The goal is to use this RF Model to predict whether an individual's annual income is >=50,000. This makes it a binary classification problem, with two labels: 0, if an individual income is <50,000, and 1, if an individual's income is >=50,000.
rf_from_scratch
│ .gitignore
│ model_train_eval.ipynb
│ README.md
│ requirements.txt
│
├───assets
│ decision_tree.png
│
├───data
│ data.csv
│
└───src
datapipeline.py
decision_tree.py
random_forest.py
__init__.py
The diagram above shows the directory structure of this repo. The model files are located in src as decision_tree.py and random_forest.py. src/datapipeline.py is a data cleaning pipeline that process the data and does train test split.
Typically, we do not upload our data files on git repo, but for the purposes of replication and demonstration of the working model, I have included the data set I used from UCI machine learning repository into the data/ folder.
The file that is important if you would like to see me put the coded RF to use is model_train_eval.ipynb, located in root.
Random Forest is a multitude of Decision Trees. So, to build a Random Forest, we need to first code a Decision Tree.

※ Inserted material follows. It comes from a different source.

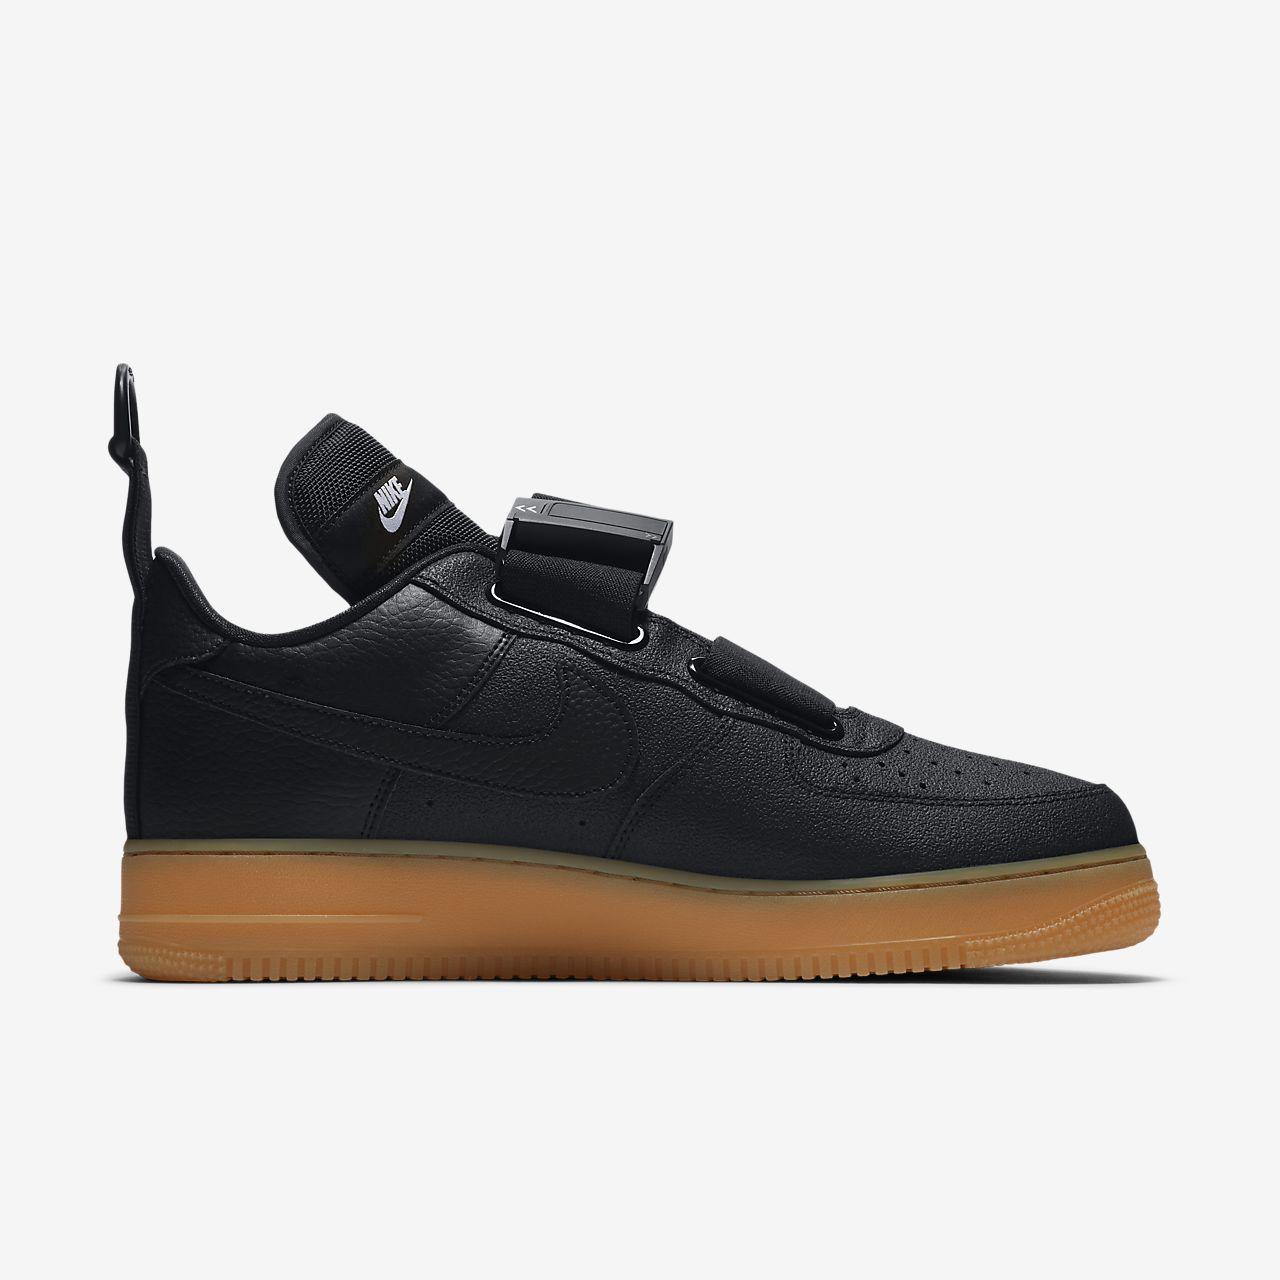 95c76c40c9ebdc Low Resolution Nike Air Force 1 Utility Men s Shoe Nike Air Force 1 Utility  Men s Shoe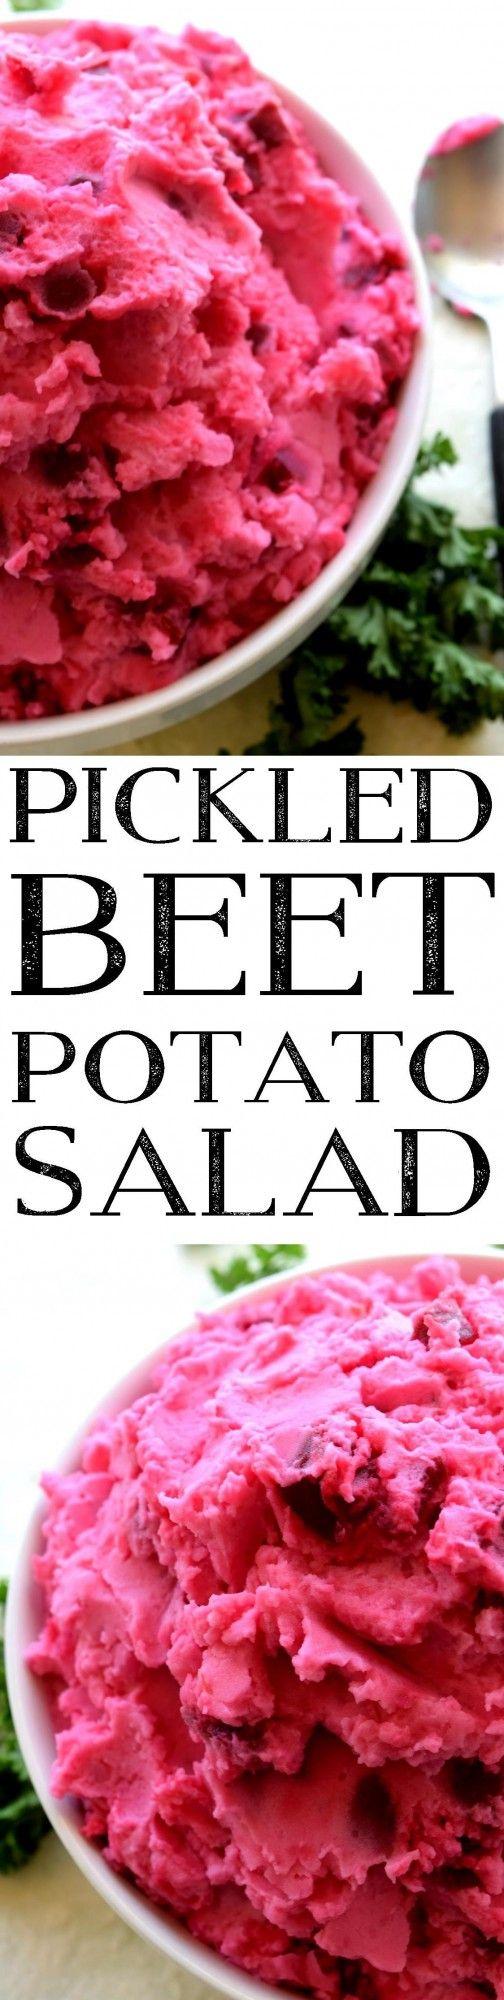 Pickled Beet Potato Salad - Lord Byron's Kitchen

My decision tree classifier was built from scratch using Python and Numpy. It recursively splits the dataset based on feature thresholds that minimize Gini impurity, creating nodes that store feature indices, thresholds, and class labels. The tree grows until a stopping criterion (max depth or pure nodes) is met. The fit
method selects the best splits, while the predict
method traverses the tree to classify new data based on learned splits. My model uses a majority class rule when no further splitting improves impurity reduction.
To create a Random Forest, we need to define the number of Decision Trees in the forest. I draw samples from the X_train set using bootstrap aggregation (just a fancy term for sampling with replacement, also called bagging); I also sample features from the X_train set. How many times do I draw? As many times as the number of trees in my random forest.
Model training happens by fitting Decision Trees to each sample data.
For inferencing, (we use the X_test data now) we use a simple averaging mechanism, where the "votes" are averaged across the trees for each data point (an entry of X_test).
I evaluated the Decision Tree and Random Forest Models in the notebook: model_train_eval.ipynb.
Decision Tree: Accuracy - 82% Random Forest: Accuracy - 88%
To replicate my experiment, do the following:
$ git clone <repository_url>
Create a new virtual environment;
activate it. I used python 3.9 for this project.
$ conda create --name <env_name> python=3.9
$ conda activate <env_name>
Then install the required dependencies:
$ pip install -r requirements.text